Ознакомительная версия.
– Ты, камень, унеси все зло, причиненное моей душе и моему телу. От первого ужасного опыта и до сегодняшнего дня, когда я сближаюсь с богатыми мужчинами и позволяю им делать с собою все, что им угодно, а потом плачу в три ручья. И все это ради их связей, ради денег, ради нарядов и прочего тлена. Сама творю эти ужасы, сама же ими терзаюсь.
– Вы так несчастливы? – еще сильнее удивился Астрюк. Прокатились, называется, на побережье приятно провести время…
Я все швыряла и швыряла камни и никак не могла остановиться, и ярость, которая мной овладела, поразила меня саму. Завтрашний день больше не был завтрашним днем, и настоящее не было настоящим, и я словно провалилась в выкопанный мною колодец, и от каждого моего движения он становился все глубже. Вокруг прогуливались люди, играли дети, чайки выписывали в небе странные фигуры, а море было куда безмятежнее, чем мне бы хотелось.
– Ты, камень, лети в мой огород! Зачем я все время ищу приятия и уважения? Я ничего никому не должна. Зачем я теряю время, зачем хлопочу, зачем потом раскаиваюсь и погружаюсь во тьму, которая порабощает меня, приковывает меня к скале, отдает на поживу хищным птицам?

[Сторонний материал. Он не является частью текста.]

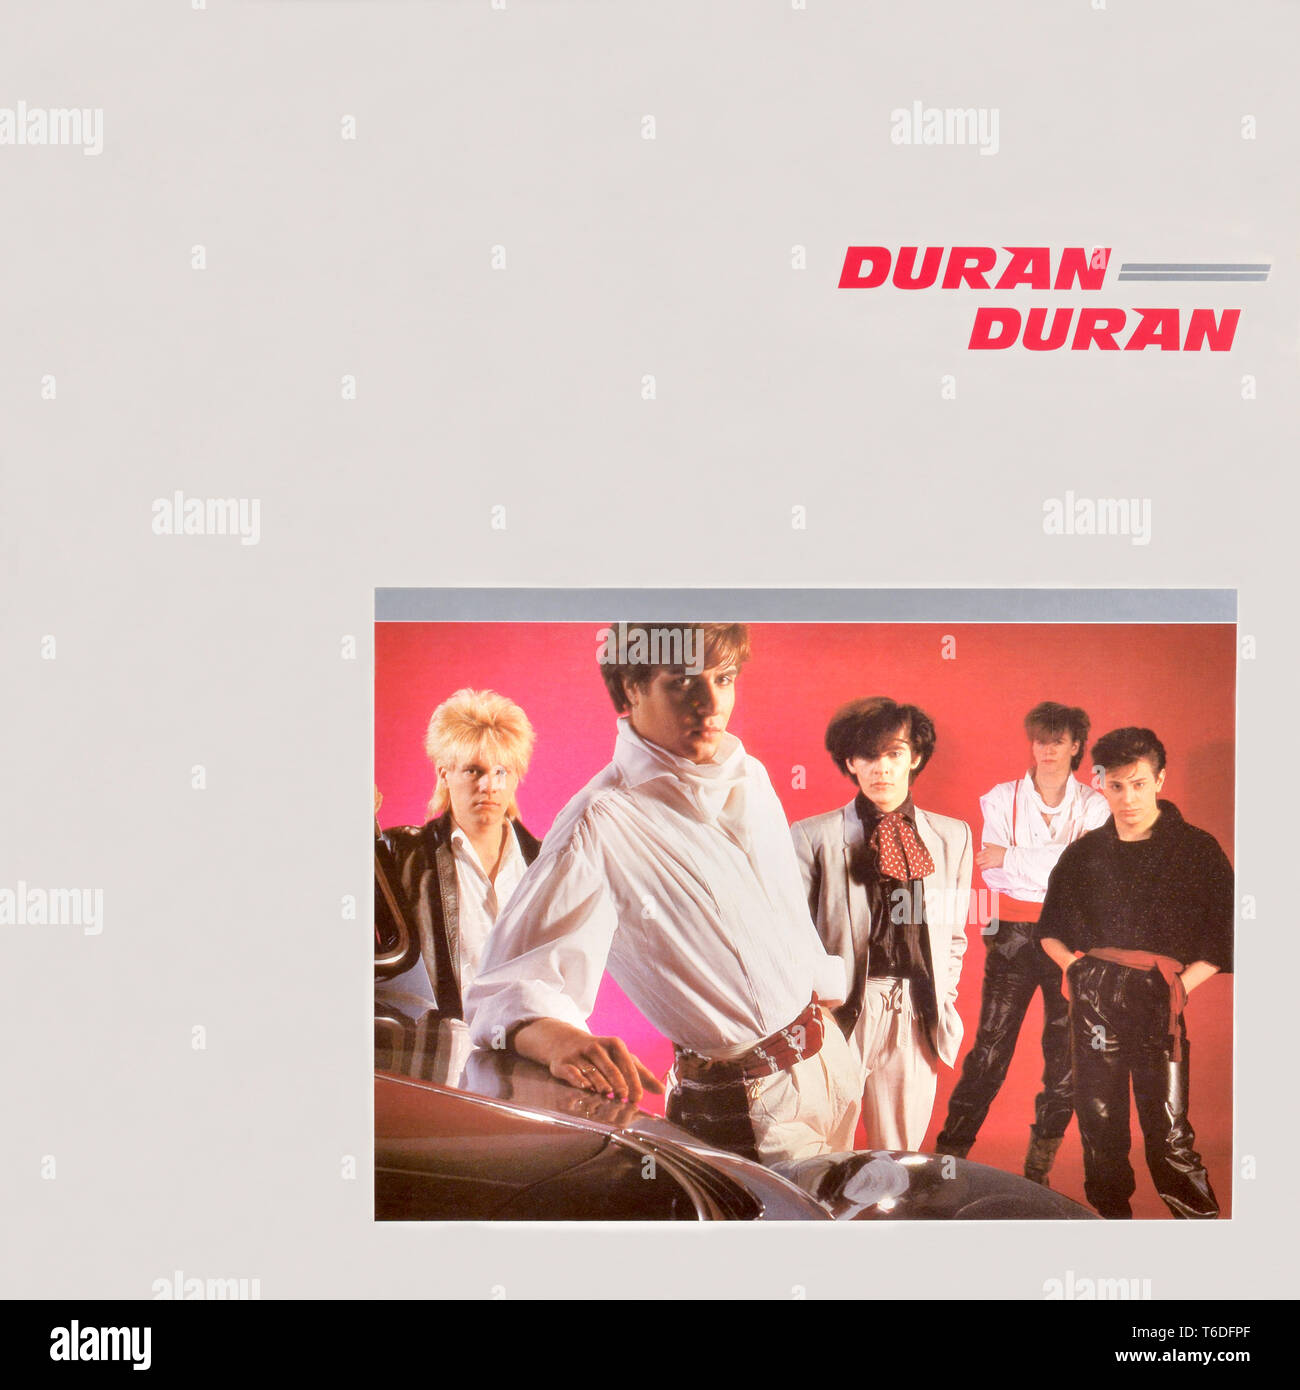 DURAN Duran - original Vinyl Album Cover - Duran Duran - 1981 Stockfoto

Мне никак не удавалось заплакать. Камни шлепались в воду, быть может, на дне они сложатся и воссоздадут Маргарету Зелле. Но я не хотела снова стать ею, той женщиной, которая заглянула в глаза жены Андреаса и ясно там прочитала, что наша судьба расписана наперед до мельчайших подробностей: нам надлежит родиться, выучиться, найти себе мужа, связать с ним жизнь – пусть даже он будет худшим человеком на земле, лишь бы окружающие не решили, что нас никто не хочет, что мы никому не нужны, – родить ему детей, состариться и провести остаток дней на стульчике у дома, глазея на прохожих, притворяясь, будто мы все в этой жизни поняли и знаем, и не умея заставить замолчать сердце, которое твердит: «Ты могла бы хотя бы попытаться жить иначе».

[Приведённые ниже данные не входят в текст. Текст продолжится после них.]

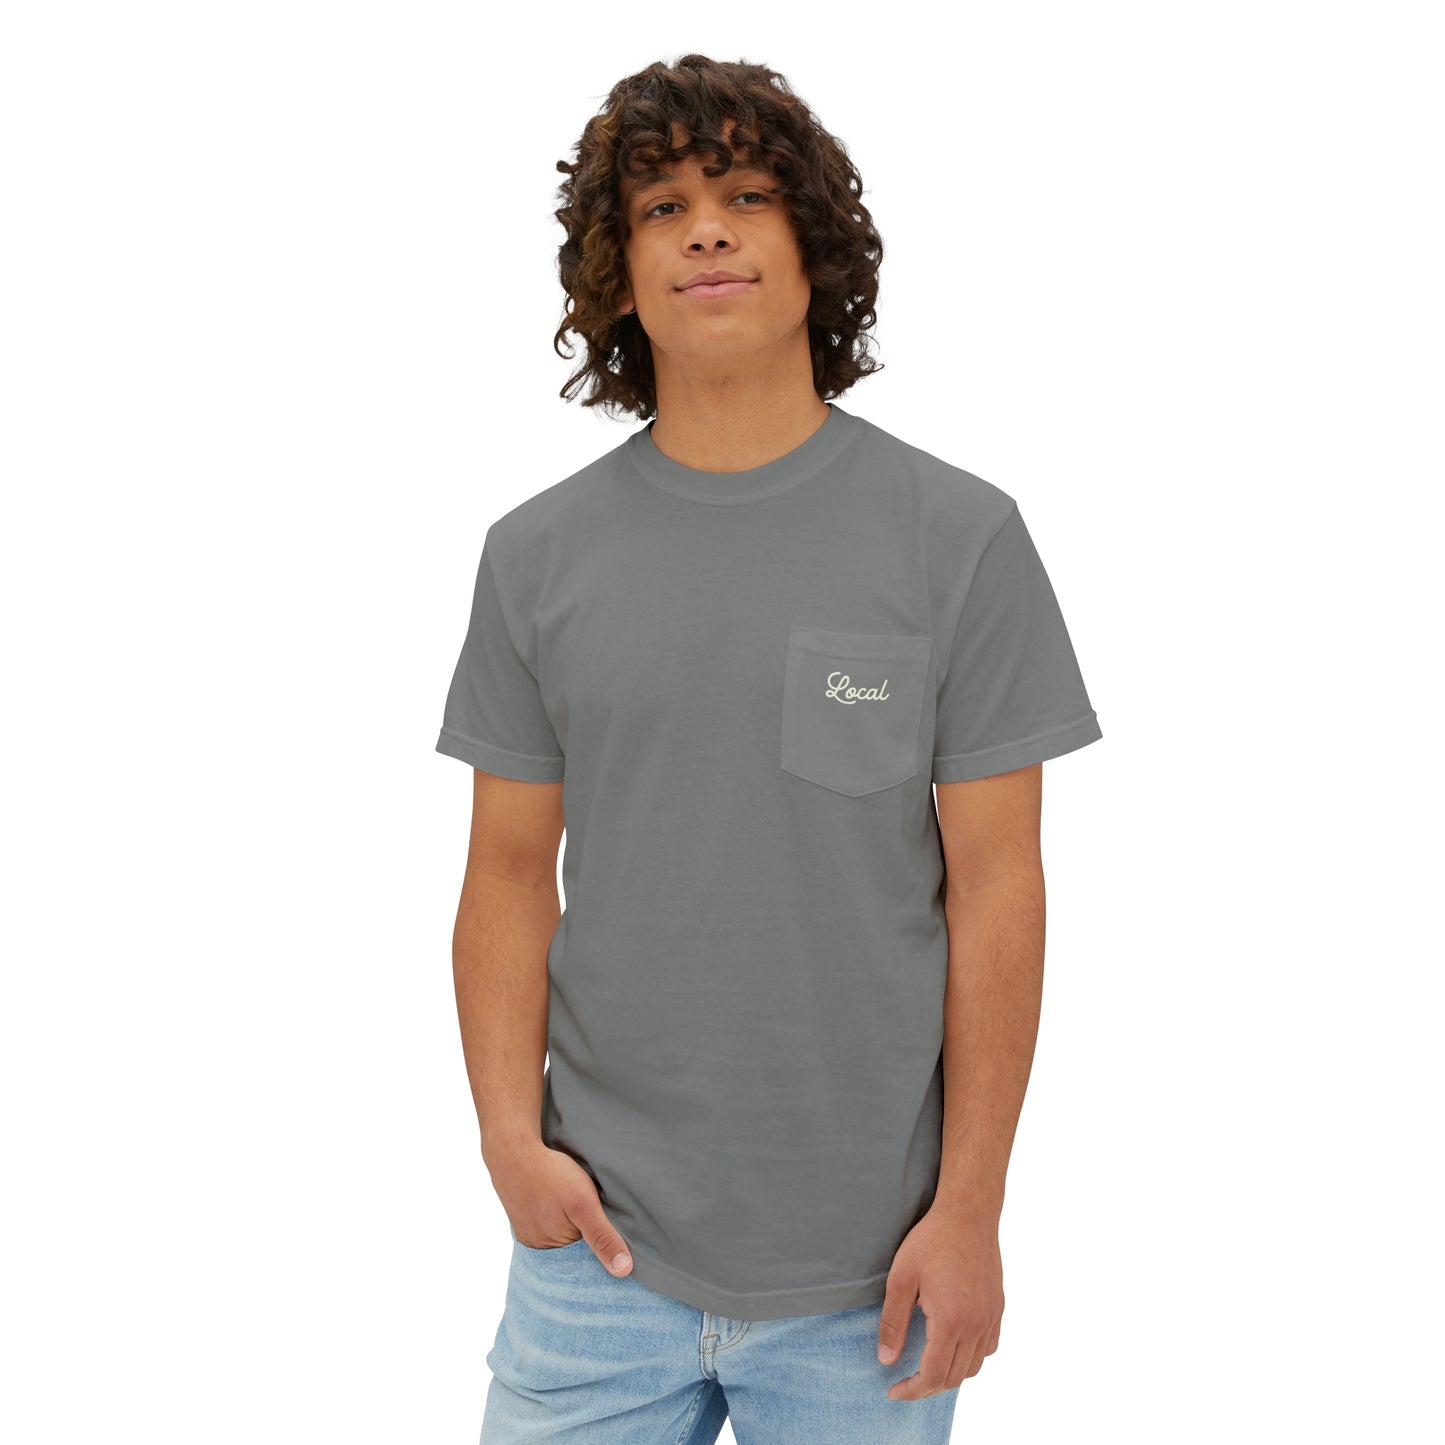 Local Script Unisex Garment-Dyed Pocket T-Shirt

Над нами раздался истошный вопль чайки. Птица пролетела так близко, что Астрюк невольно вскинул руку, защищая глаза. Ее крики вернули меня к действительности, я снова была знаменитостью, уверенной в себе и своей красоте.
– Я хочу покончить со всем этим. Мне не нравится эта жизнь. Сколько еще лет я могу танцевать и давать представления?
Астрюк был честен.
– Лет пять.
– Значит, решено. С меня хватит.
Он взял меня за руку:
– Это никак невозможно. Есть подписанные договоры, мне придется платить неустойку. Кроме этого, вам как-то нужно зарабатывать себе на жизнь. Вы же не хотите кончить свои дни в гнусном клоповнике, вроде того, где жили до нашего знакомства?
– Хорошо, вначале я выполню условия договоров. Вы были добры ко мне, и я не хочу, чтобы вам пришлось расплачиваться за мои мании – величия… или ничтожности. И не тревожьтесь обо мне, с голода не умру.
И вдруг я начала рассказывать ему свою жизнь, рассказывать, не задумывась, взахлеб, выкладывать все, что я прятала в себе, пока лгала всему свету. Вдруг хлынули слезы. Встревоженный Астрюк стал спрашивать, что со мной, попросил успокоиться, но я все говорила и говорила, и больше он меня не прерывал, а слушал молча и сочувственно.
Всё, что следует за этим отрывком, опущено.